There is no real solution to this. When I query my table (a couple of Gigs) it takes about 0.1 second to perform with one part of the where clause (reduced to 0.00 on repeat queries), but over a minute with the two parts.

I can obviously run two queries and join the results myself, but this sort of defeats the purpose of using a database (especially since the real queries contain far more parts, joins, etc).
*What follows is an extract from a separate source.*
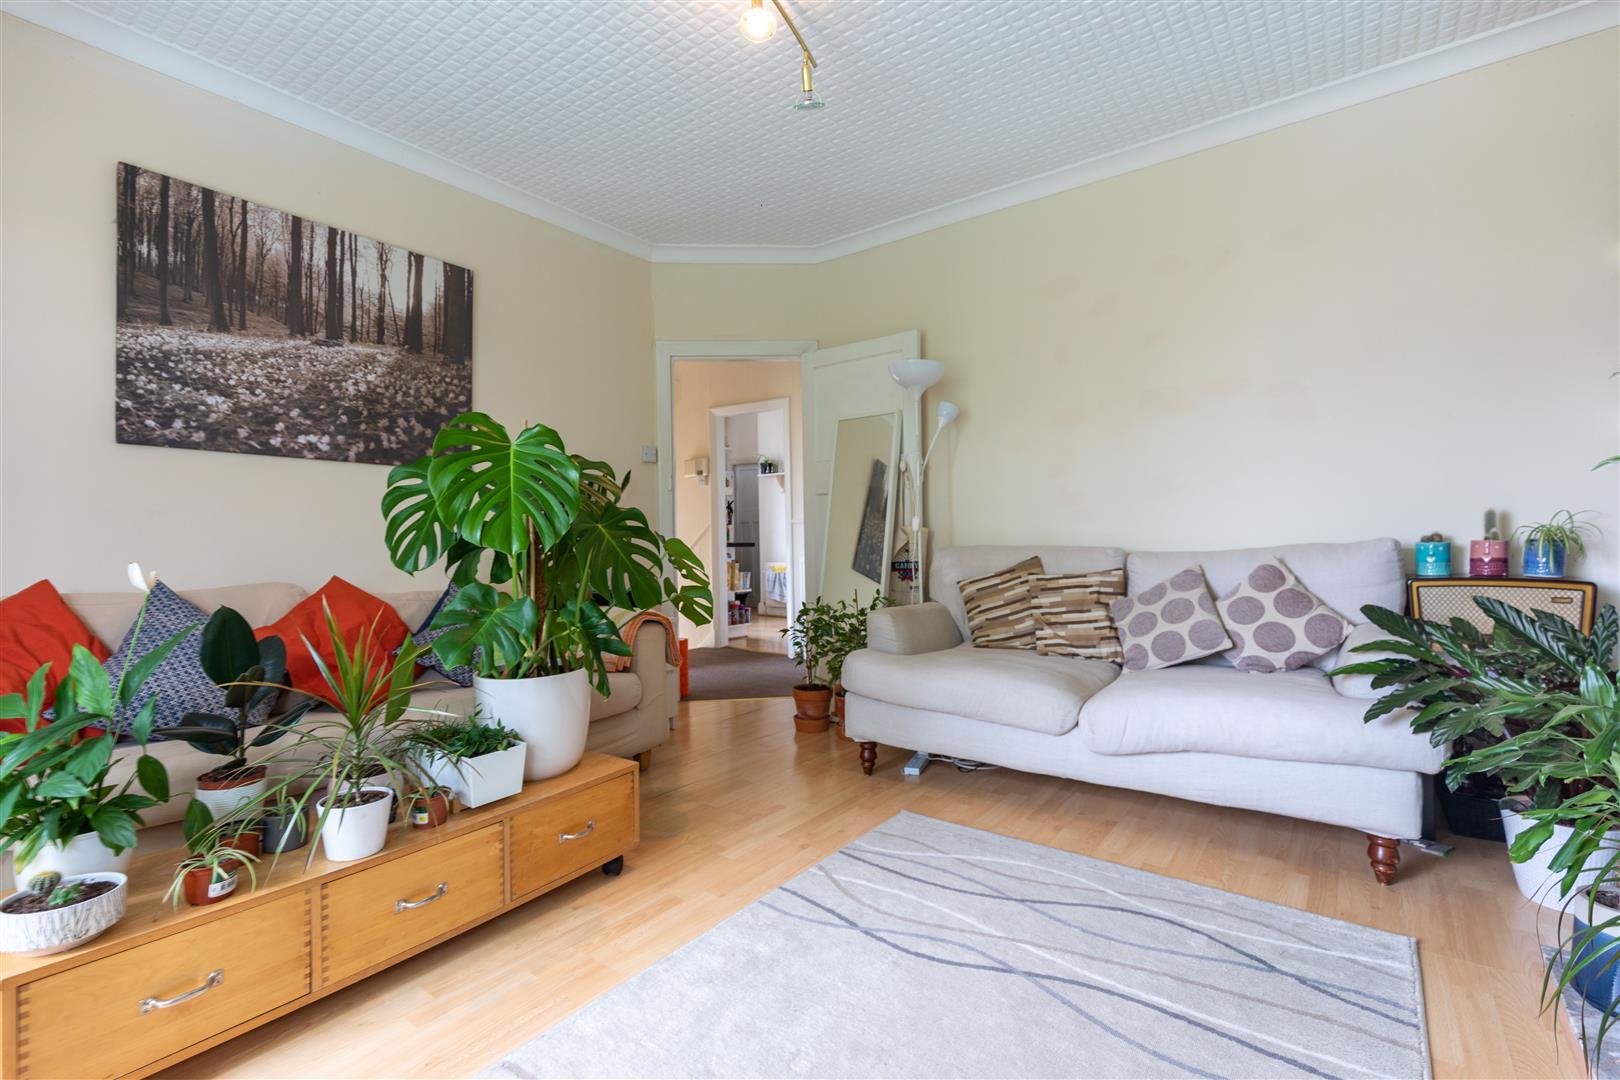 2 bed to rent in Fenham, NE5 2HX, NE5

+----+-------------+-------+-------+---------------+-------+---------+------+------+-------------+
| id | select_type | table | type  | possible_keys | key   | key_len | ref  | rows | Extra       |
+----+-------------+-------+-------+---------------+-------+---------+------+------+-------------+
|  1 | SIMPLE      | hydro | range | SHAPE         | SHAPE | 32      | NULL |    1 | Using where | 
+----+-------------+-------+-------+---------------+-------+---------+------+------+-------------+

How to repeat:
Can be repeated by running this type of query on large tables. For testing, create a table

CREATE TABLE test (
  _id int(11) NOT NULL auto_increment,
  shape geometry NOT NULL,
  PRIMARY KEY  (_id),
  SPATIAL KEY shape (SHAPE(32))
);

insert into test (shape) values (geomfromtext('LINESTRING(115 -33, 120 -34)'));

explain SELECT _id FROM test WHERE ((MBRIntersects(SHAPE,GeomFromText('POLYGON((115.30215 -33.822117,115.36253 -33.822117,115.36253 -33.805443,115.30215 -33.805443,115.30215 -33.822117))', 4326 ))));

Results:

possible_keys: shape
          key: NULL

In the fix it would use a key (ie non NULL)

Suggested fix:
Improve the optimiser to support multiple key usage with OR clauses, as is done between btree and rtree keys and in other cases.
[18 Apr 2007 8:08] Wil Williams
Sorry, I rushed the repeat part. You need to insert a significant amount of data.
If you just repeat the insert statement 100 times (or less) it will work:

Then the query is

explain SELECT _id FROM test WHERE ((MBRIntersects(SHAPE,GeomFromText('POLYGON((115.30215 -33.822117,115.36253 -33.822117,115.36253 -33.805443,115.30215 -33.805443,115.30215 -33.822117))', 4326 )))) or ((MBRIntersects(SHAPE,GeomFromText('POLYGON((115.30215 -33.822117,115.36253 -33.822117,115.36253 -33.805443,115.30215 -33.805443,115.30215 -33.822117))', 4326 ))));

which will not use a key (you need the two parts).

----------
Also: A new work around. I can precalculate the envelope of the query parts and form a query of the form

"select * from table where MBRIntersects(BIG_RECT) and (old query part)"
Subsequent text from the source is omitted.